А замуж за него Оленька бы и сама не пошла. Что она там не видела? Это раньше дурой была. Теперь мудрой стала. На фига ей муж, если у нее есть мамочка?
Юлька росла не по дням, а по часам. К своему ужасу Оленька стала замечать в ней неславянские черты. Глазки, изначально серые, к полугоду в угольки превратились. Бровки слишком темные. Редкие волосики колечками. Как пить дать – Мамудович руку приложил. Был бы парень – оно б ничего: парню некоторые данные Мамудовича оказались бы весьма кстати. А Юльке что от такого папаши? Коренастость, некрасивость, да излишняя волосатость? Кому она на фиг нужна будет? Кто за нее копейку заплатит? Как бы самой не пришлось доплачивать за мужскую ласку. Эх…
Одно радовало: Генкины старики ничего не замечали. Сюсюкались с Юлькой, как с родной. Подарками заваливали. То платьице на вырост, то ботиночки, то еще какую-нибудь дорогущую ерундовину. А с некоторых пор в словах Ирины Станиславовны рефреном стали проскакивать намеки на завещание. Дескать, мы с дедкой не вечные, квартиру с собой на тот свет не заберем. Деньгами, мол, небогаты, зато квартиру нужно отписать единственной внученьке.
Разговоры-то разговаривать каждый умеет. А вот взять и отписать все в Оленькину пользу – наверняка слабо. Однако даже на уровне разговоров такие обещания радовали надеждой: а вдруг? Пусть однокомнатная – все равно недвижимость. Можно превратить ее в будуар: в своей квартирке жить, а в той клиентов обслуживать.
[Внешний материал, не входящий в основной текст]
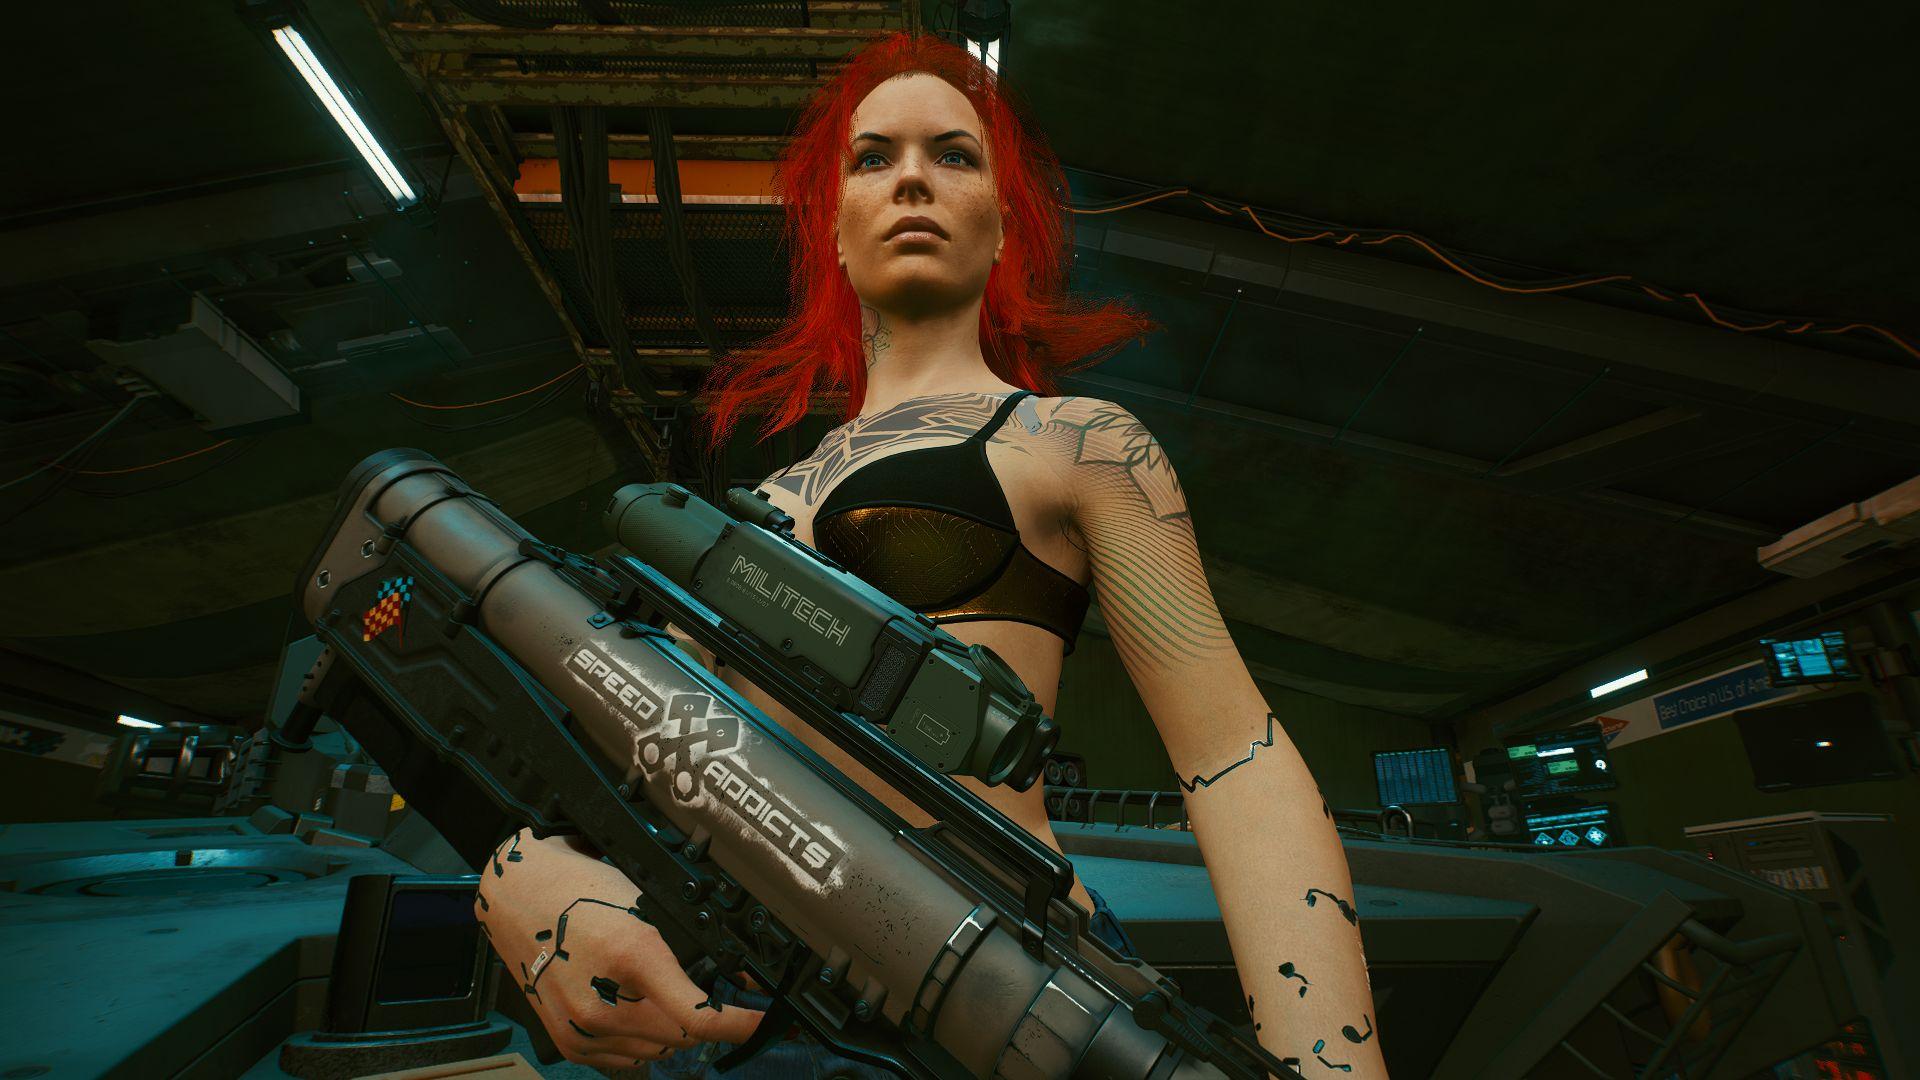 000250.Jpg - Cyberpunk 2077

Или ничего не менять, а ту хатку сдавать – копейка лишней не бывает. А то и вовсе обменять две на одну большую.
И она охотно подливала масла в огонь:
– Как несправедлива жизнь! Родную дочку отец не признает, а нагулянной фамилию подарил. Дурак! Нашел, кому верить. Уж я-то Маринку как никто знаю. Подлая баба. Я сама виновата – зачем связалась с такой? Ведь знала же, все знала! Но не думала, что она на мое замахнется. Подлецов ведь лучше в друзьях иметь, чем во врагах. А оно вон как вышло. Нагуляла где-то брюхо, да Геночку моего на себе женила. Он ведь у нас такой доверчивый…
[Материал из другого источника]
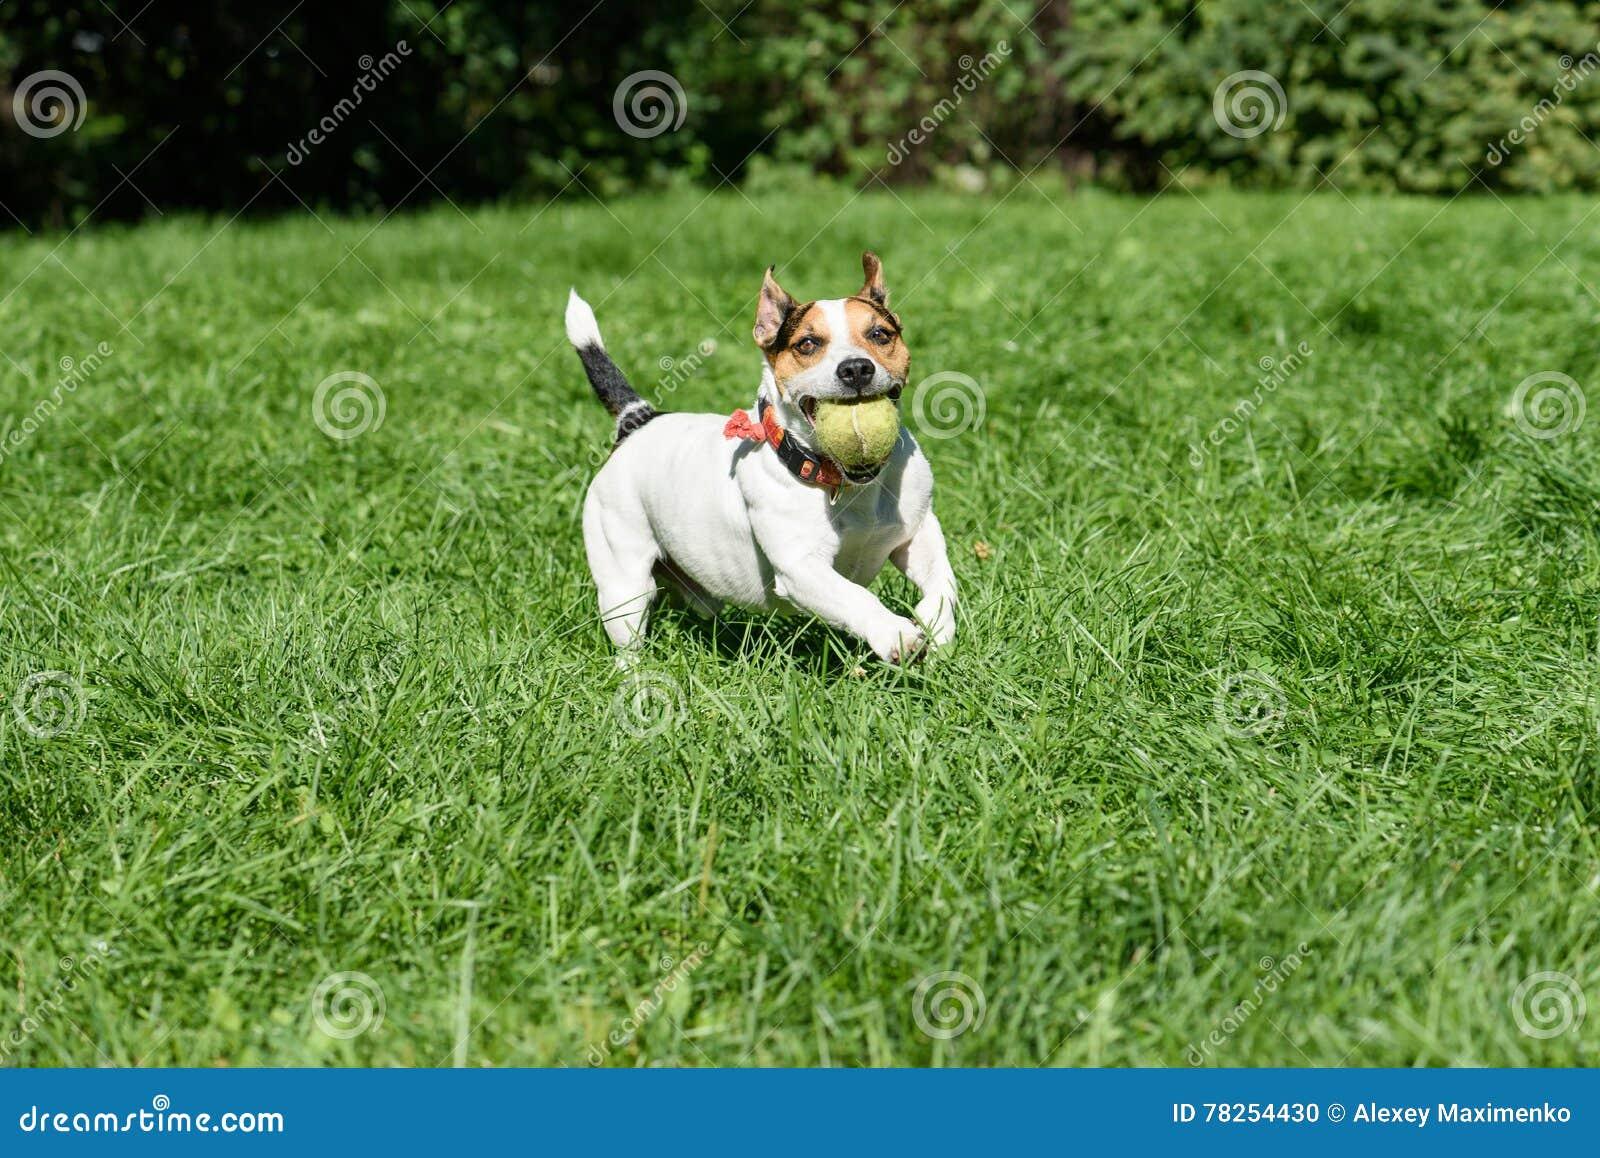 Παίζοντας και φέρνοντας αντισφαίρισης σφαιρών παιχνίδι σκυλιών

Сказать, что Гена пожалел о содеянном – ничего не сказать.
Он ел себя поедом. С утра до ночи. Еще больше с ночи до утра.
Днем хоть так-сяк мог отвлечься от своей беды. Работа. Любимая работа. Та, о которой они с Маринкой вместе мечтали, лежа на матах в его каморке. Мальчишки, поднимающиеся на пьедестал почета – теперь это стало реальностью. Пусть пьедесталы пока еще не самые высокие, скорее игрушечные: районные, областные, зональные. Но большое родится из малого. Его профессиональные успехи только зарождаются, у него еще все будет.
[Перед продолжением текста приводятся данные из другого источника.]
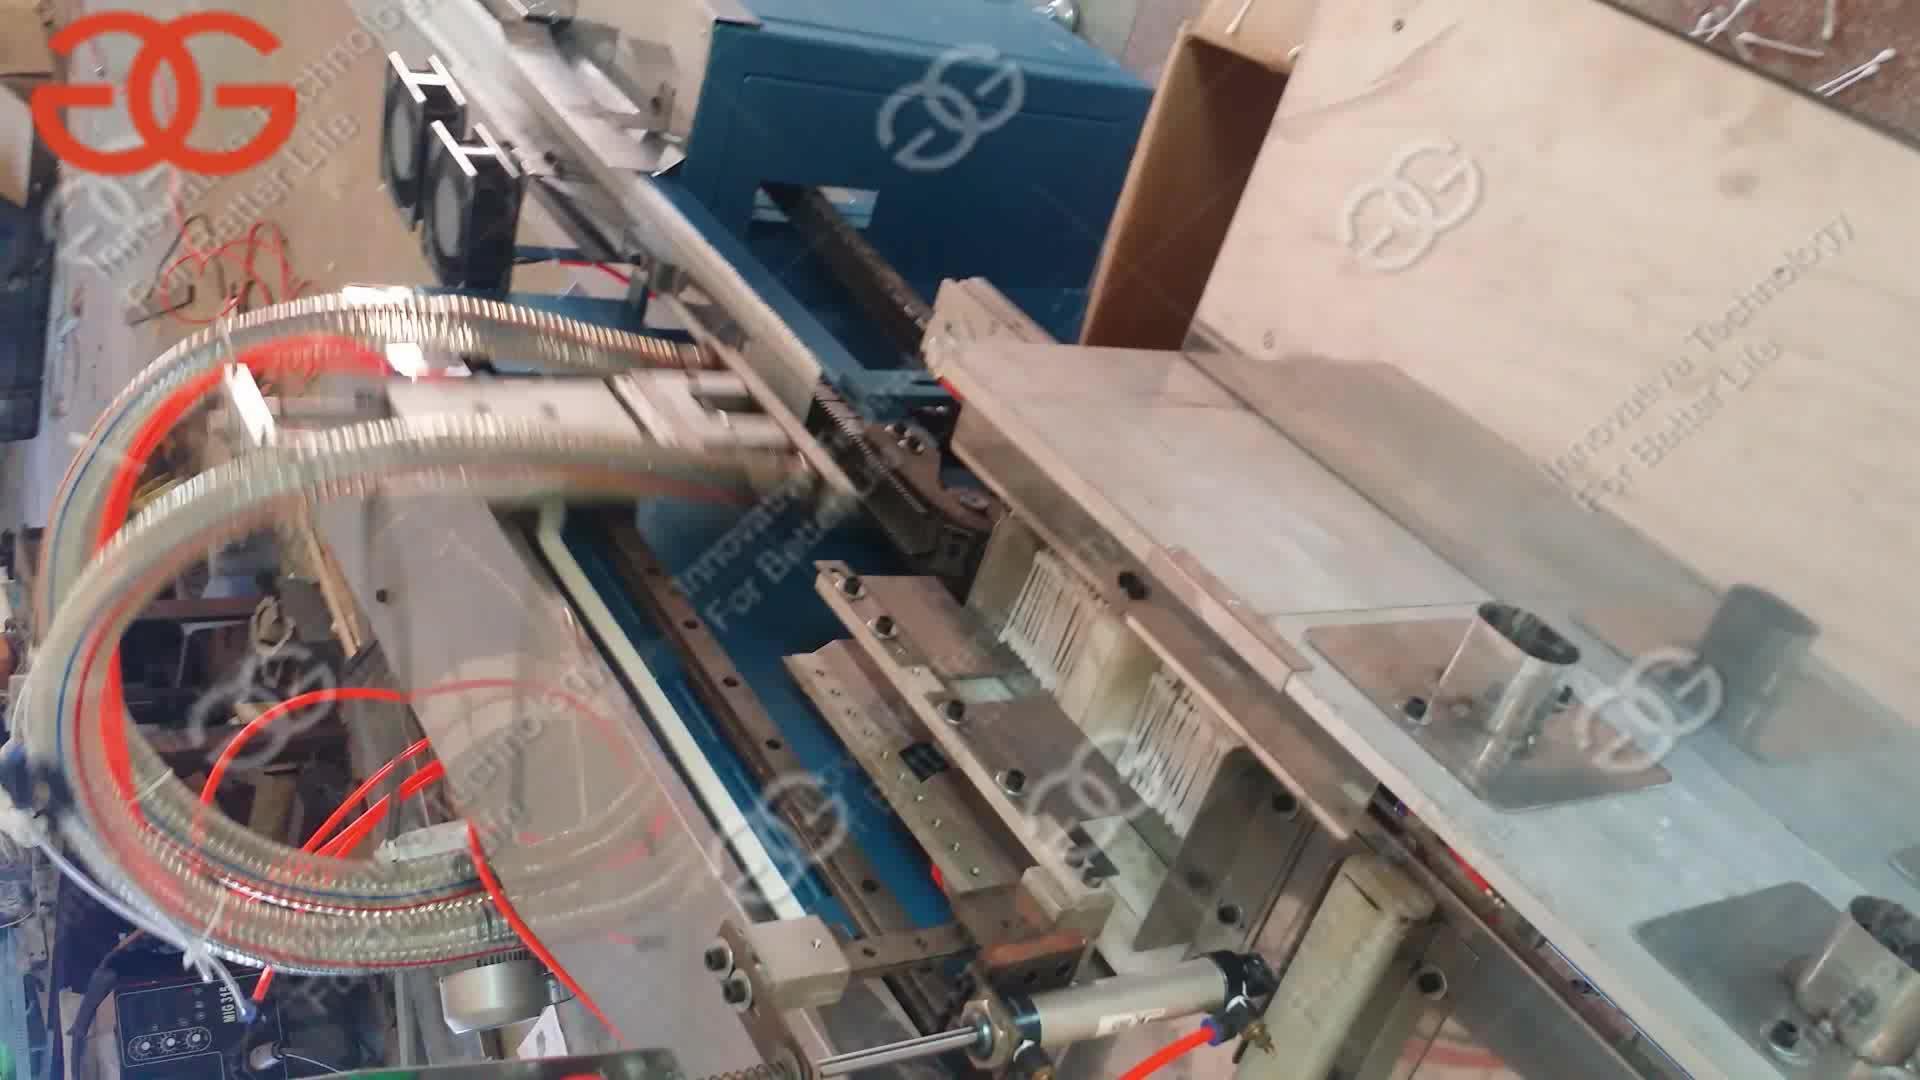 โรงงานขายร้อนราคาเครื่องดื่มแอลกอฮอล์ฝ้าย Swabs เครื่องแอลกอฮอล์เครื่องสำลีเครื่องสำอาง

Но есть ли у него будущее в личной жизни?
Возможно, он мог бы найти какую-то женщину. Быть может, она даже заставила бы его забыть о Маринке.
Но хочет ли он о ней забывать? Нет, не хочет. Как ее забыть, такую родную?
Не о сексе с ней мечтал. Секс – дело такое, коллегу по постели найти не проблема. Только не Ольгу – с ней он больше при всем желании ничего не сможет. У него на нее теперь один рефлекс – рвотный.
Секс – штука во всех отношениях приятная, и даже полезная для здоровья. Когда-то Гена запросто ложился в постель с практически незнакомой бабой – какая разница, с кем? Лишь бы получить желанную разрядку.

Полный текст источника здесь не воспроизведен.